Bregman-Proximal Augmented Lagrangian Approach to Multiphase Image Segmentation

  • Jing YuanEmail author
  • Ke Yin
  • Yi-Guang Bai
  • Xiang-Chu Feng
  • Xue-Cheng Tai
Conference paper
Part of the Lecture Notes in Computer Science book series (LNCS, volume 10302)


This work studies the optimization problem of assigning multiple labels with the minimum perimeter, namely Potts model, in the spatially continuous setting. It was extensively studied within recent years and used to many different applications of image processing and computer vision, especially image segmentation. The existing convex relaxation approaches use total-variation functionals directly encoding perimeter costs, which result in pixelwise simplex constrained optimization problems and can be efficiently solved under a primal-dual perspective in numerics. Among most efficient approaches, such challenging simplex constraints are tackled either by extra projection steps to the simplex set at each pixel, which requires intensive simplex-projection computations, or by introducing extra dual variables resulting in the dual optimization-based continuous max-flow formulation to the studied convex relaxed Potts model. However, dealing with such extra dual flow variables needs additional loads in both computation and memory; particularly for the cases with many labels. To this end, we propose a novel optimization approach upon the Bregman-Proximal Augmented Lagrangian Method (BPALM), for which the Bregman distance function, instead of the classical quadratic Euclidean distance function, is integrated in the algorithmic framework of Augmented Lagrangian Methods.

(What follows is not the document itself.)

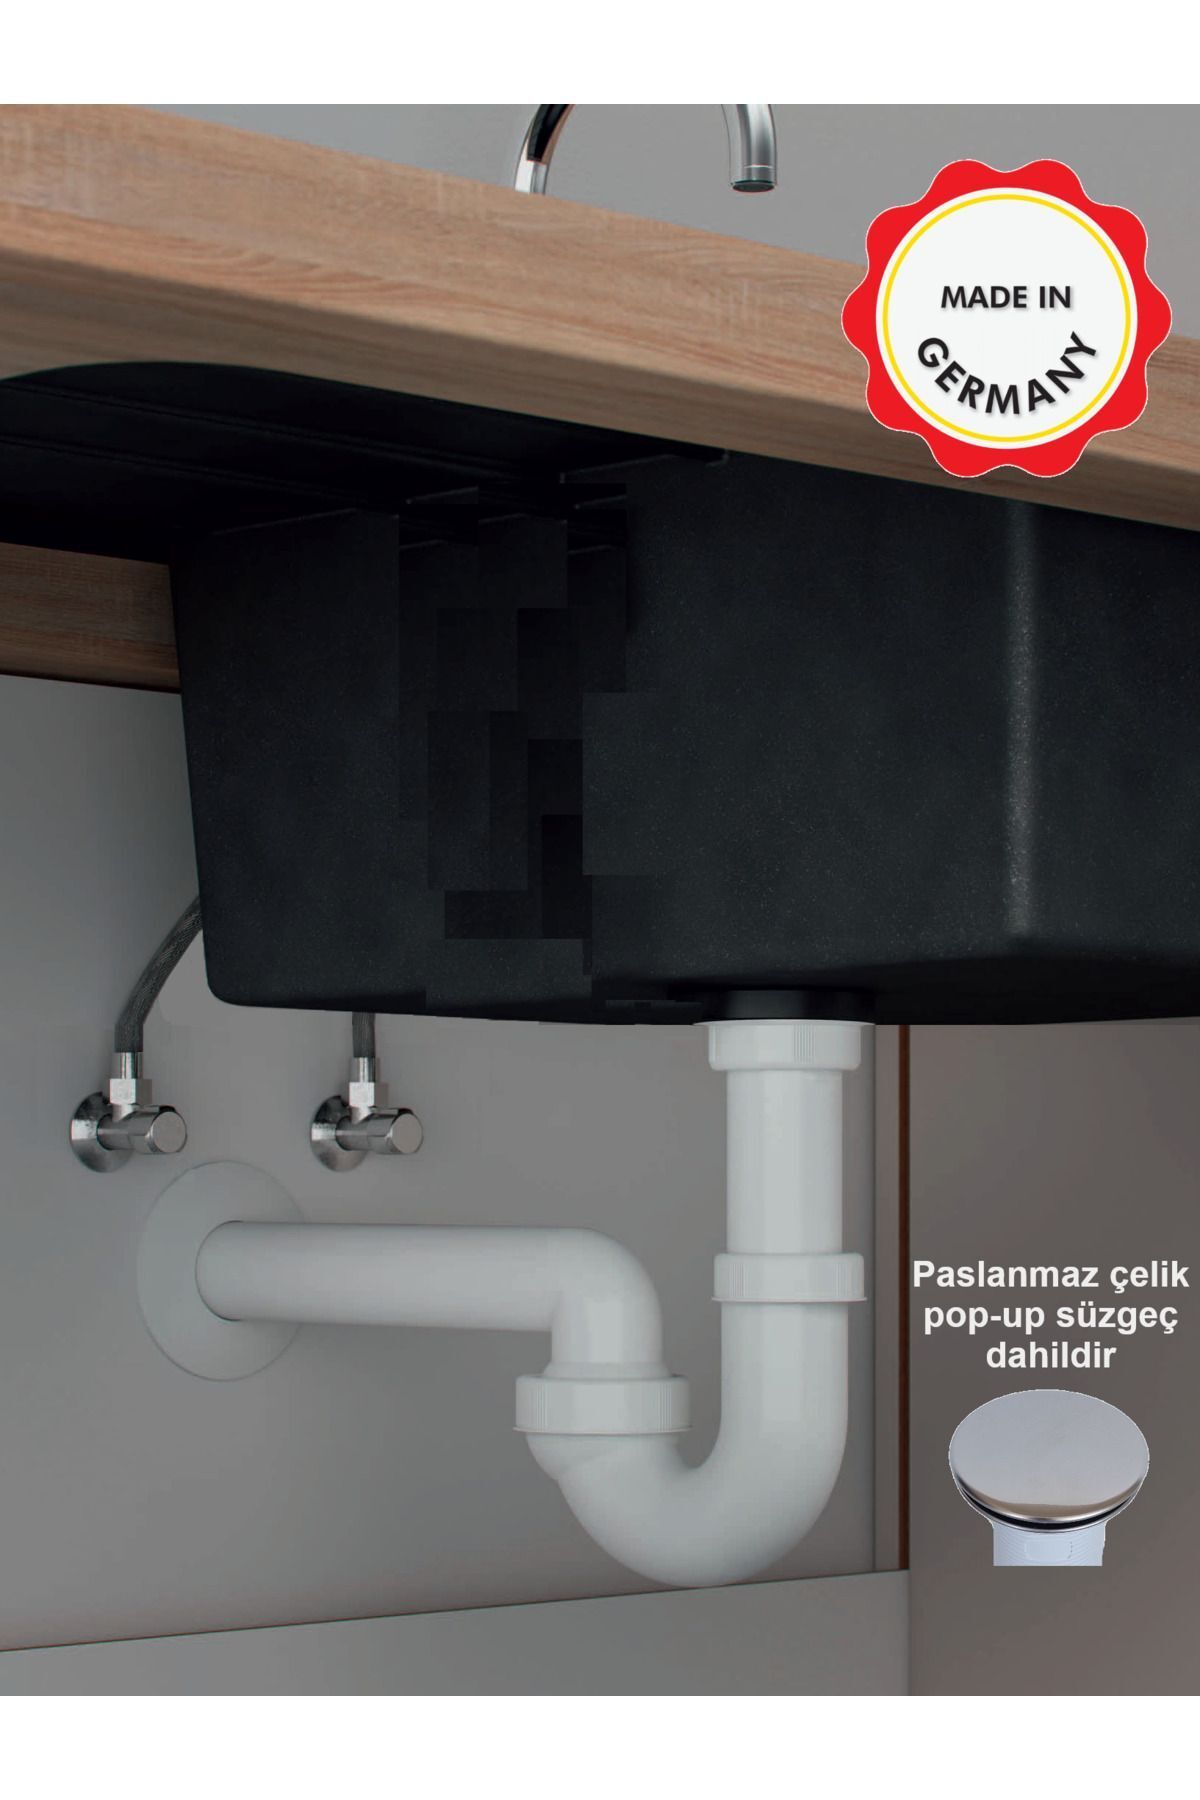 Dallmer Koku önleyici lavabo sifonu, paslanmaz çelik pop-up süzgeçli, mafsallı 40lık çıkış borulu

The new optimization method has significant numerical advantages; it naturally avoids extra computational and memory burden in enforcing the simplex constraints and allows parallel computations over different labels. Numerical experiments show competitive performance in terms of quality and significantly reduced memory load compared to the state-of-the-art convex optimization methods for the convex relaxed Potts model.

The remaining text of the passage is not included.